Whatever fits your gastronomic taste, time and disposition. The point is for you to be with your friends again, to share some laughs and get out of your daily routine. Your baby needs to be in the company of adults too, not to mention so do you!

6. Use your evening-off pass.

My husband and I have this understanding: every week or every two weeks we are allowed to an evening off & out, while the other one stays at home with Clover Jr. He uses his pass to have a drink with the boys and I use mine to go to the movies. I recently  had a “date” with these guys and saw them live in their first concert in Bucharest.

7. Baby-blues and postpartum depression.

I had my fair share of crying back in the days, especially in the first month after baby Clover was born. However, I never felt depressed, so I don’t know what to say on this subject. Yet I found this heartening, sincere post and I want to share it with you.

8. Deal with guilt.

Okay, breaking news: we all go down that road. Some of us just one too many times. We worry and we question our decisions, our legitimacy and authority as mothers. “Am I doing the right thing for my baby?” or “Am I spending enough time with her?” or “Am I too tolerant/ moody/ harsh/ protective?” Sounds familiar?

My remedy on guilt is this: whenever I feel a soft breeze of self-consciousness coming my way, I ask myself this: “Do I have my child’s best interest at heart?”, “Do I try/give my best?” if the answer is “Yes” then I stop feeling guilty. God knows we all try; we are not perfect, but only human and alive. And for these reasons and these reasons only, we are good mothers. The best ones our children could have.

9. Engage in a project.

Start knitting, start a blog, paint something, browse through the DIY blogs/magazines. For years I thought I’m the proud owner of two left hands, but guess what: it’s not true. While I’m no Picasso nor Martha Stewart, I discovered I am good at making (some) things. I painted several paintings for my own pleasure, learned to bake three different cakes, hand-sewed a quilt from old shirts for baby Clover and made all the deco (again nothing complicated) for her Christening party (read paper pom-poms, paper mustaches on a stick, paper name garland etc.). It made me so happy having something to “work” on and something to look forward to every day.

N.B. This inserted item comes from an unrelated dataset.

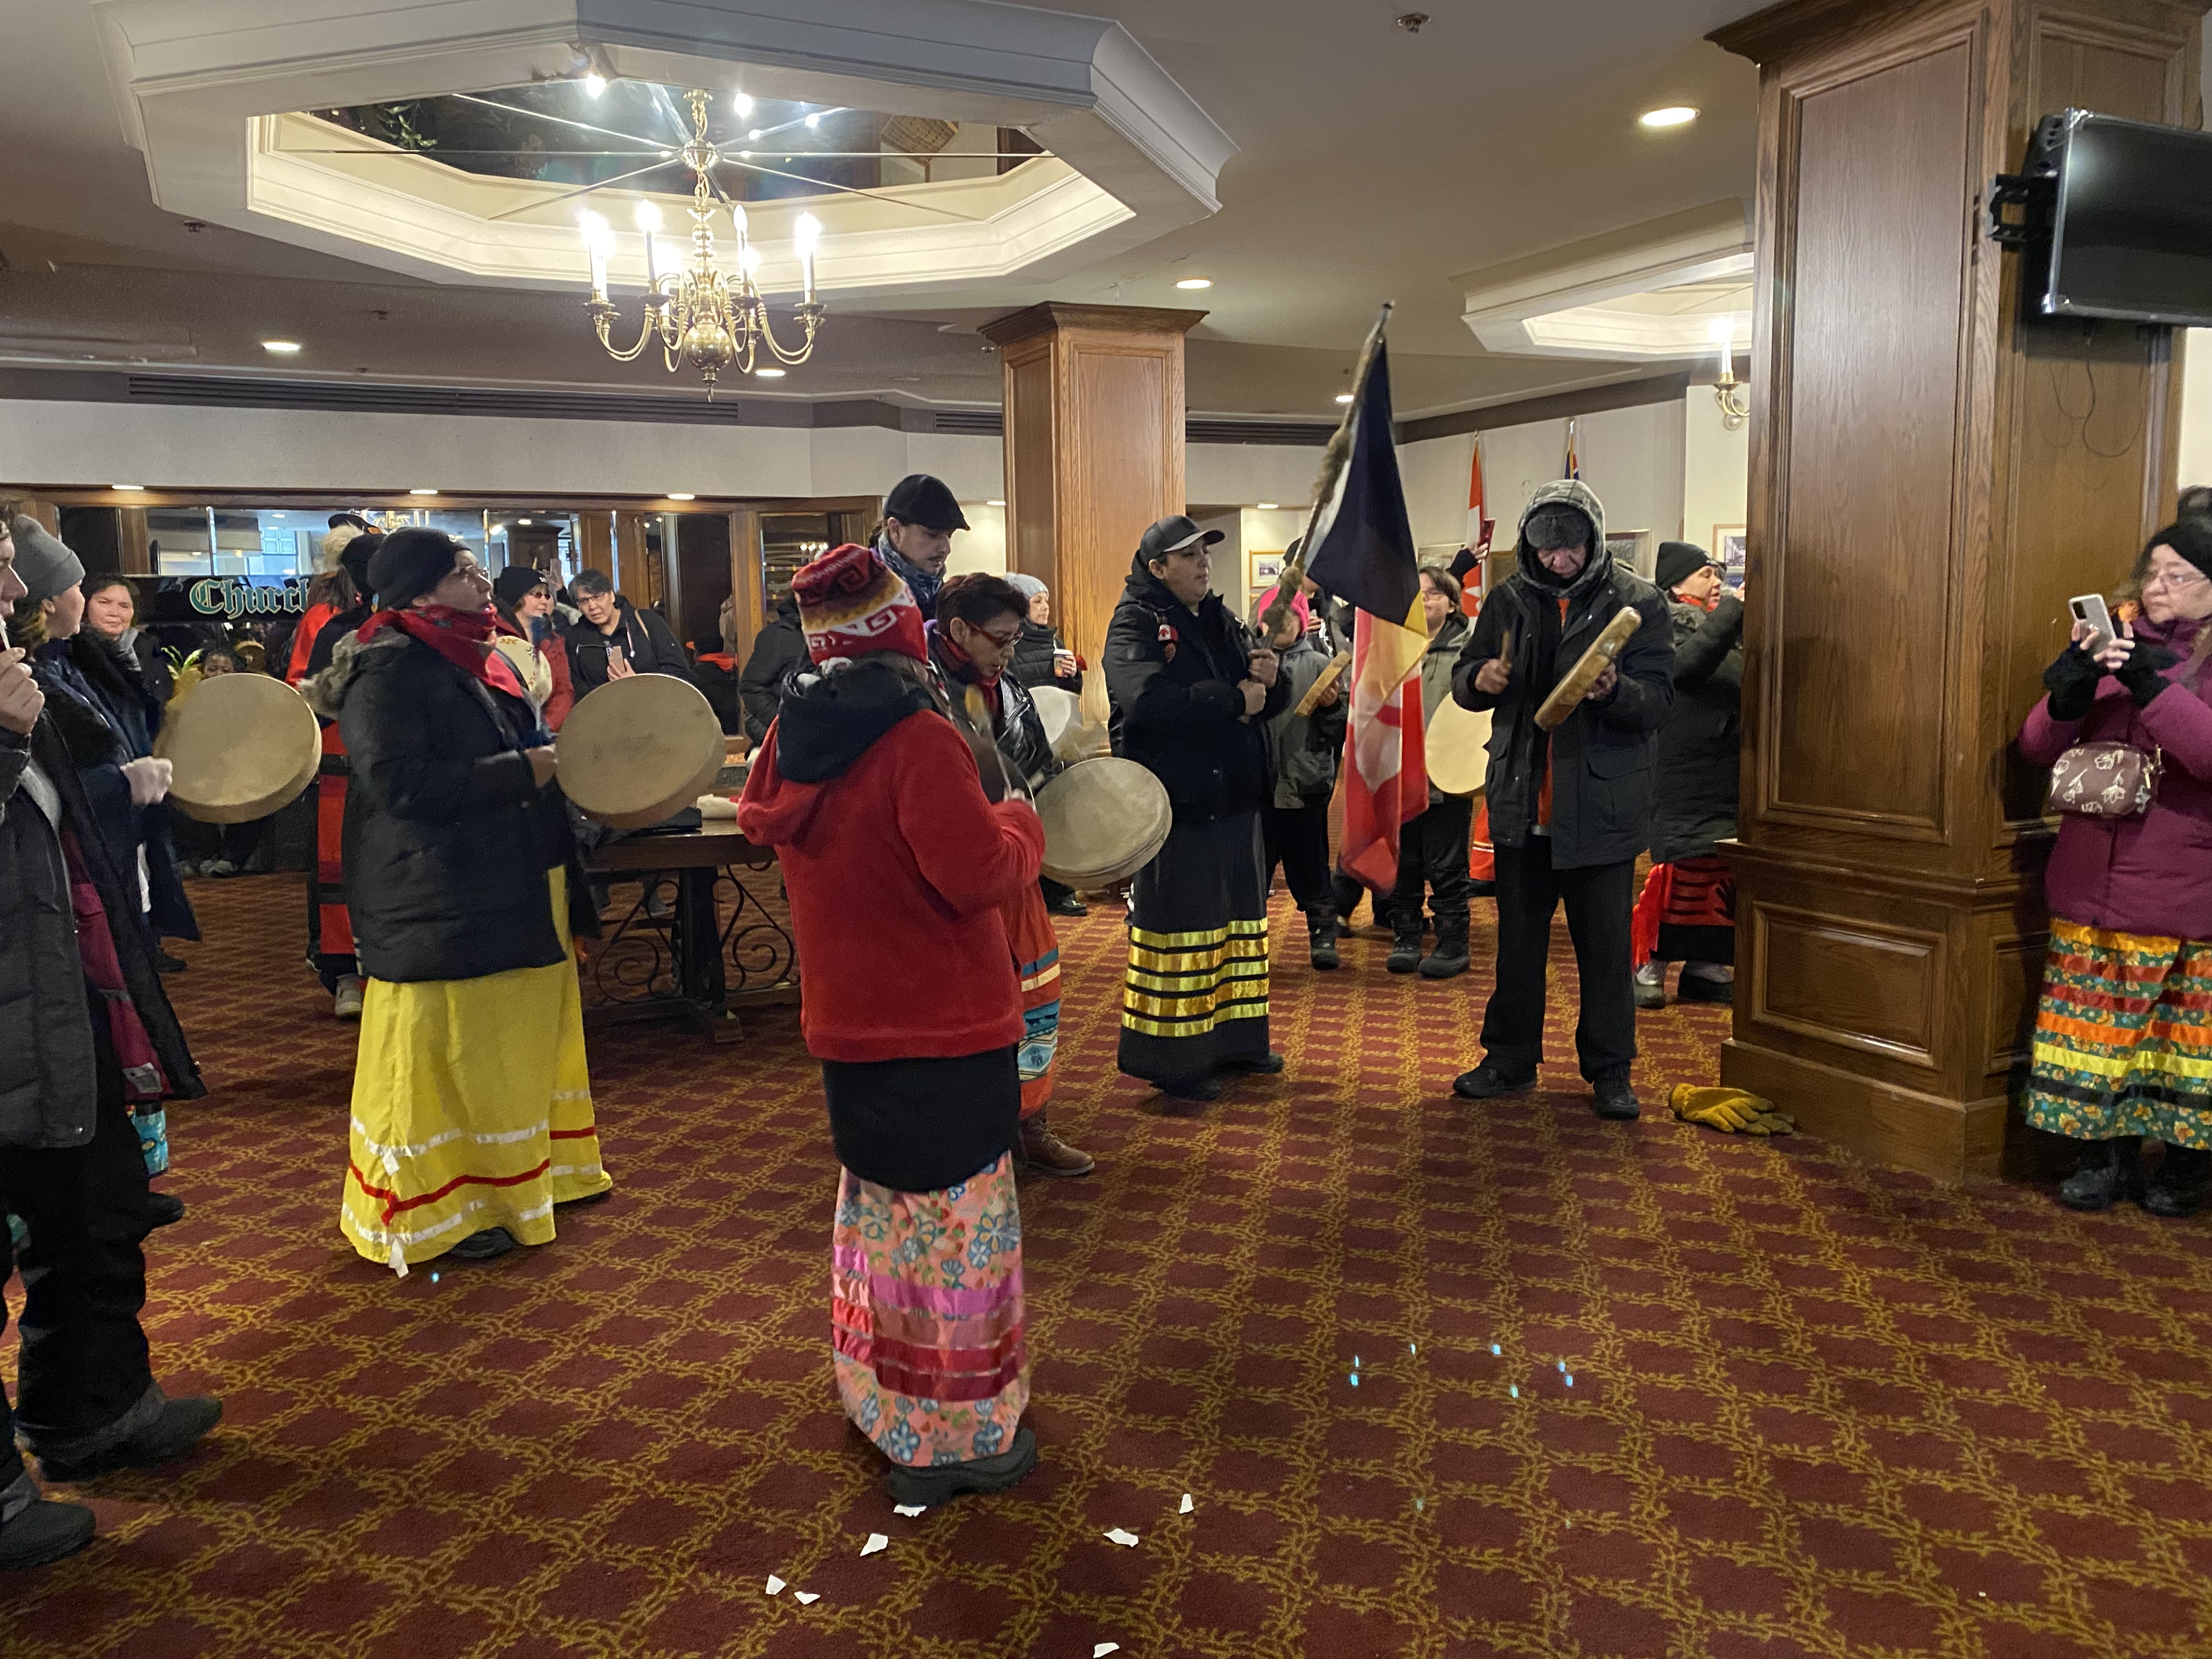 Indigenous outcry over hotel restraint incident sparks calls for change in Winnipeg

10. The writing on the wall.

Right above Clover Junior’s bed I framed her 3 month anniversary gift that I painted (and printed) myself. I will let the picture below speak for itself and only add this: it’s a good reminder!

And as I end, what I hope to be a happy post, I’ll only add one more thought.

Motherhood, the way I see it, is not a beauty parade or a popularity contest. But if it was, be 100% sure that YOU are the big winner, as in your baby’s eyes there is only one contestant and only one winner: her mother!